I think that was the true impact of Harding. I’ve read over six books in the past year of the era...covering Wilson, WW I, the Prohibition episode, Harding, and the entire 1920s. Two were written in the late 1920s/early 1930s. So I’ve had a wide introduction to the guy.

Harding was an ‘accidental’ editor/journalist who simply had enough money to buy a marginal paper and stabilize it. A couple of years would pass, and Harding would marry a woman who was press-savy and knew how to write. So the wife became the business component of the paper and pushed it to be a leader in Ohio matters over the next decade. As much as people might talk up Harding, he was mostly an actor who relied upon his wife, and they were a good team.

At some point, the Republicans in the state felt Harding would make a decent Senator and got him elected. What people will say is that everyone (Republican and Democrat) liked him. What they will also say is that Harding brought several of his friends (cronies might be a better term) with him and poker evenings with ample booze were always a big deal with Senators visiting him for the evening.

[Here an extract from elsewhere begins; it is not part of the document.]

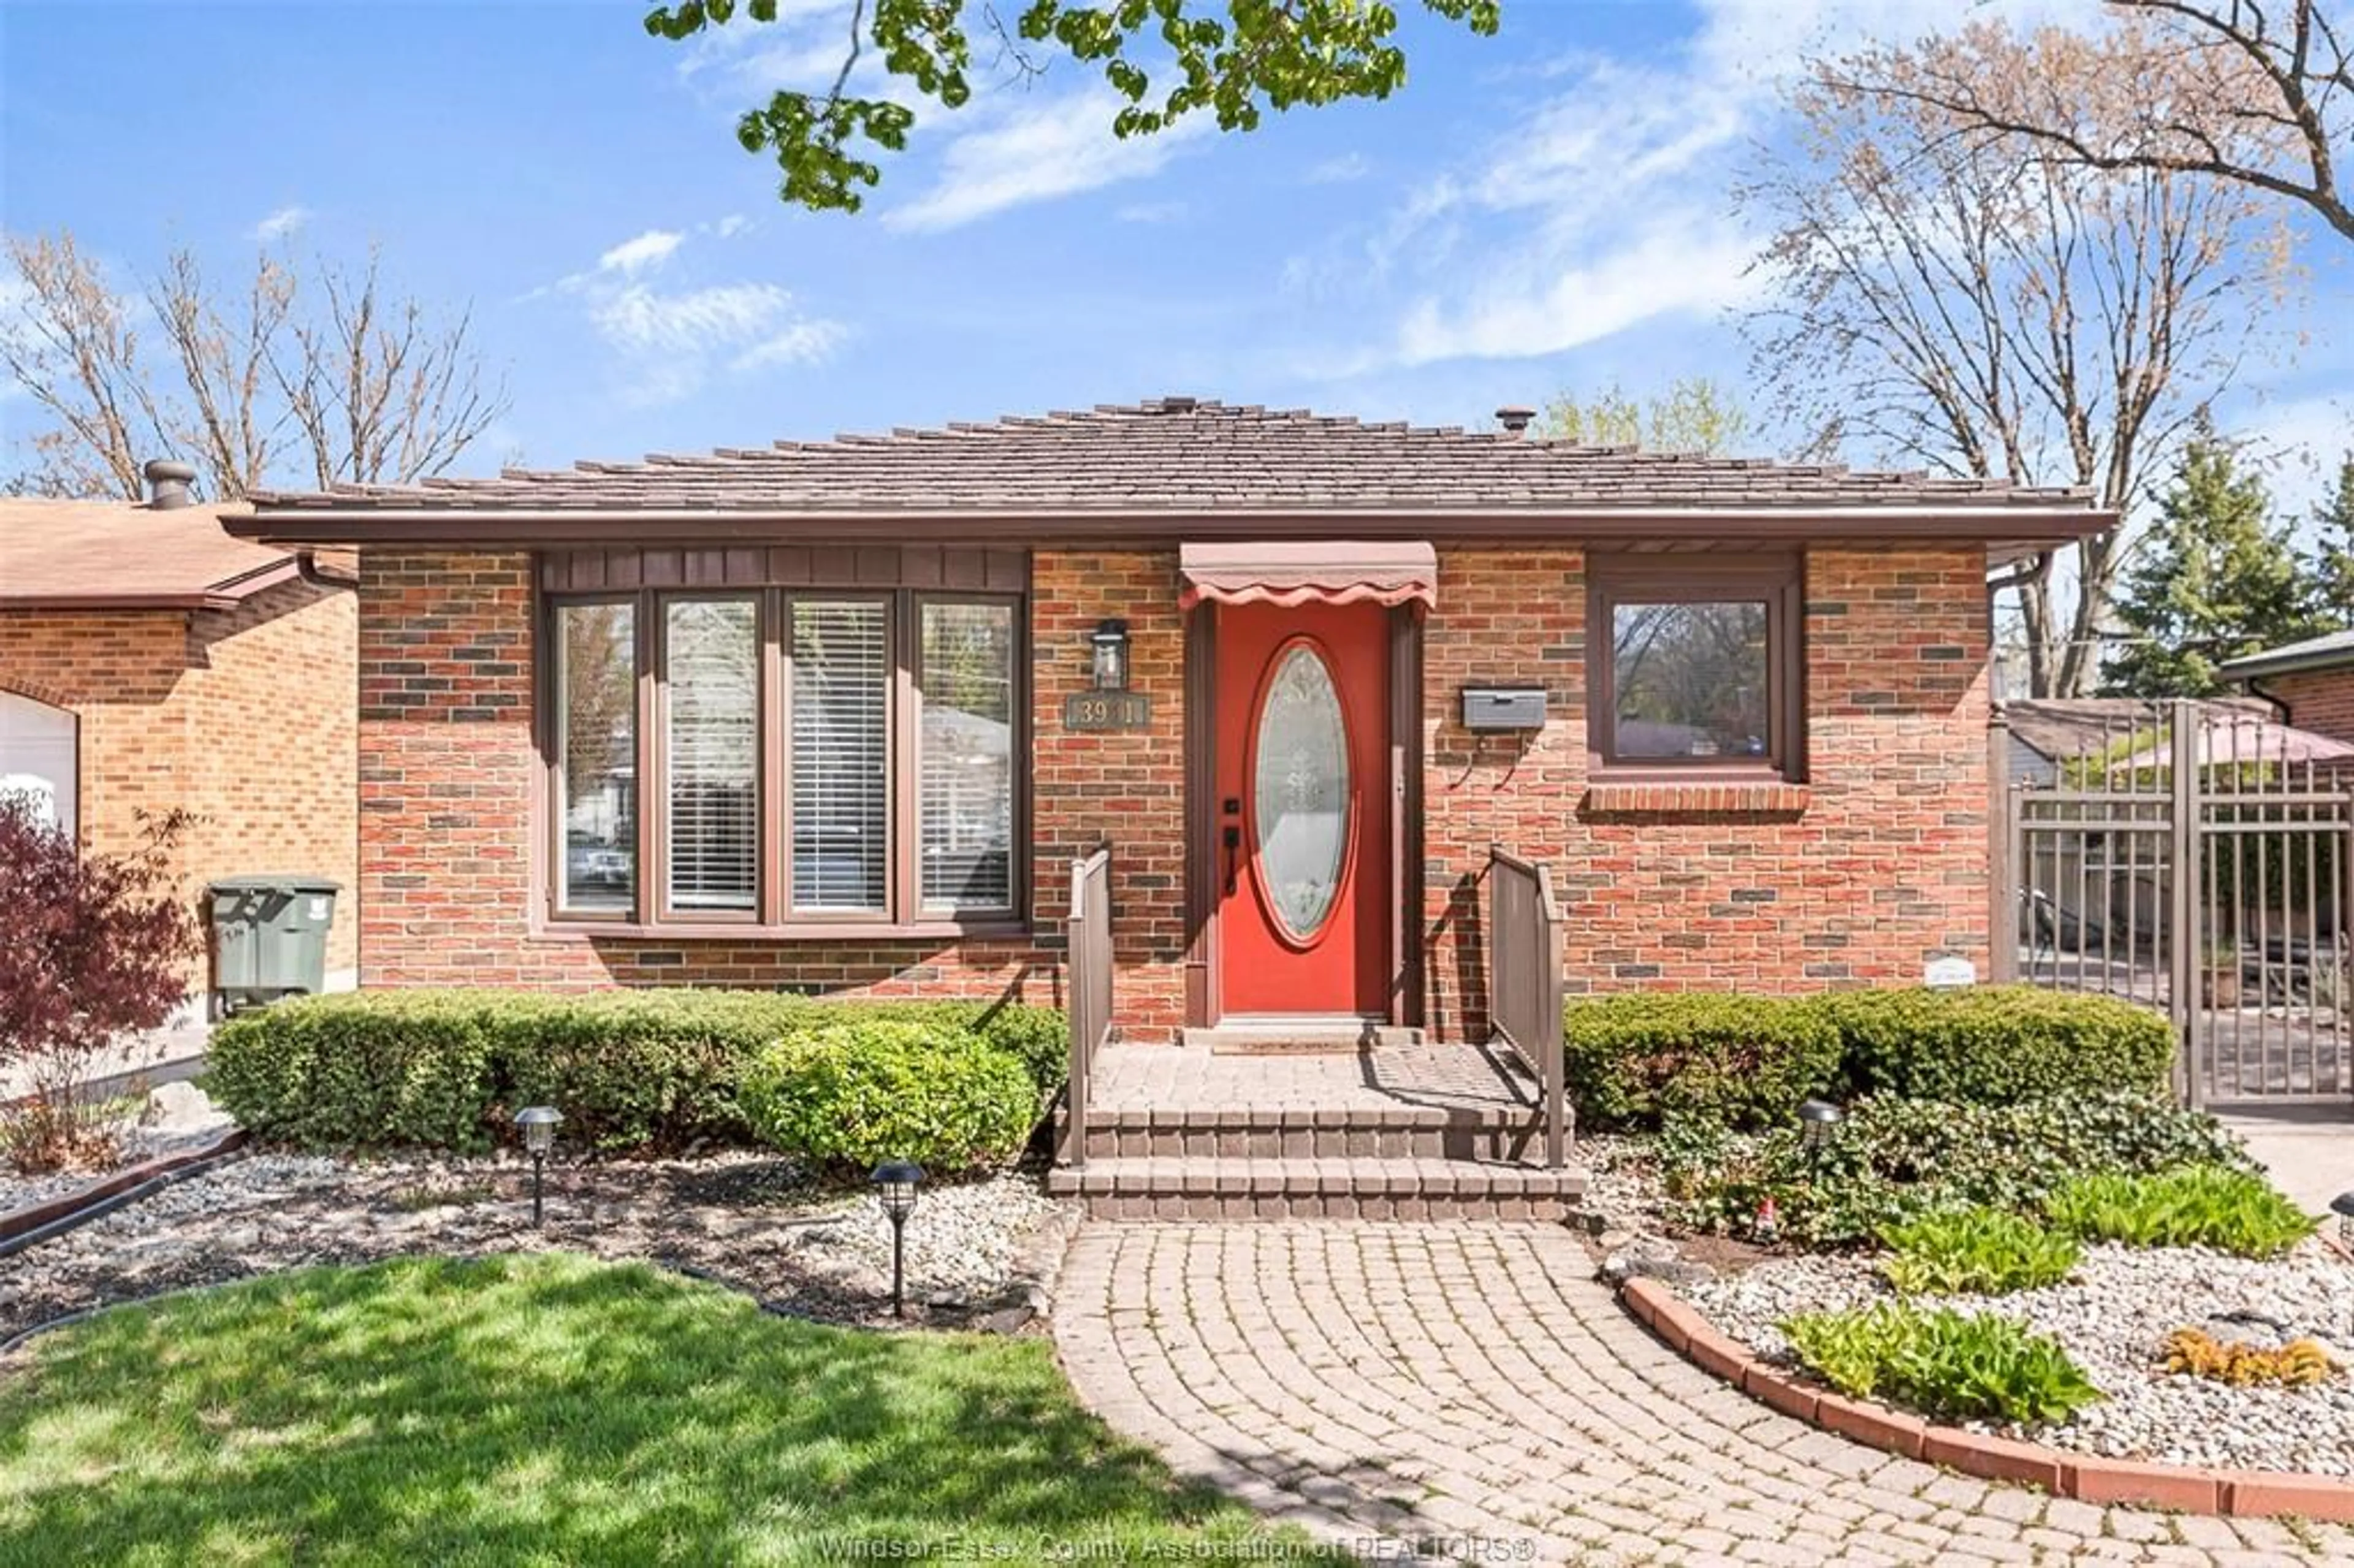 Home with brick exterior material for 3981 WHITNEY, Windsor Ontario N9C 2C7

Harding’s wife simply looked the other way, and he enjoyed women on the side. Harding’s wife knew that he was handsome and was going places.

By the end of the Wilson era, everyone in DC and the nation were waiting for the ‘Jesus-like’ character to arrive and pump them up. The last two years of the Wilson era were extremely negative and of zero-impact.

Harding walked in and gave a great speech as the new President. Within a month or two....staff members in the WH came to realize that he was mostly just a speech-maker and really didn’t know much about policy. His handlers....the inside crew....the cronies....were the mechanism that made all this work. They took in bribes and ensured things got done.

The tax change? Oh, that happen with the Harding administration but you might as well admit that it would have happened under almost anyone because the original tax program was so screwed up.

Somewhere in the June timeframe of 1923...roughly two years into his presidency....Harding began to realize the amount of corruption and cronyism going on. Several people have written of the period and think that he sink down a couple of notches and got depressed over the whole matter. He not only had to fire these people (something he’d never done ever), but he might have to get a prosecutor involved. We aren’t talking two or three problems....it was probably going to involve a minimum of a dozen people who were his poker-night buddies and inside crew.

I think he came to see his brief two years in the White House as a miserable failure with this much corruption going on and the problem of the Senate digging into this and he might not be able to win in the next election.

So, I’m of the mind that he attempted some marginal suicide on the first episode, then survived. Remarkably, with this trip out to the west coast.....he brought his personal doctor from Ohio who was also a WH insider on the trip....a guy who was not exactly qualified to be a doctor but pretended enough to satisfy people. Either the doctor screwed up enough to cause a second problem to occur, or the wife decided to help Harding finish himself off in the end.

It should be noted that almost all of his internal papers from the 2.5 years were destroyed by the wife. There isn’t that much really known about the day and his inner workings of the White House period. There’s some papers from the Senate period, which help to fill in the holes of his career.

Harding, I think...was a naive guy who knew how to give a good speech....looked presidential....had a business-smart wife to help lift him up, and carry him to the White House. Sadly, he couldn’t make up for these executive weaknesses and was not mentally prepared to grasp corruption.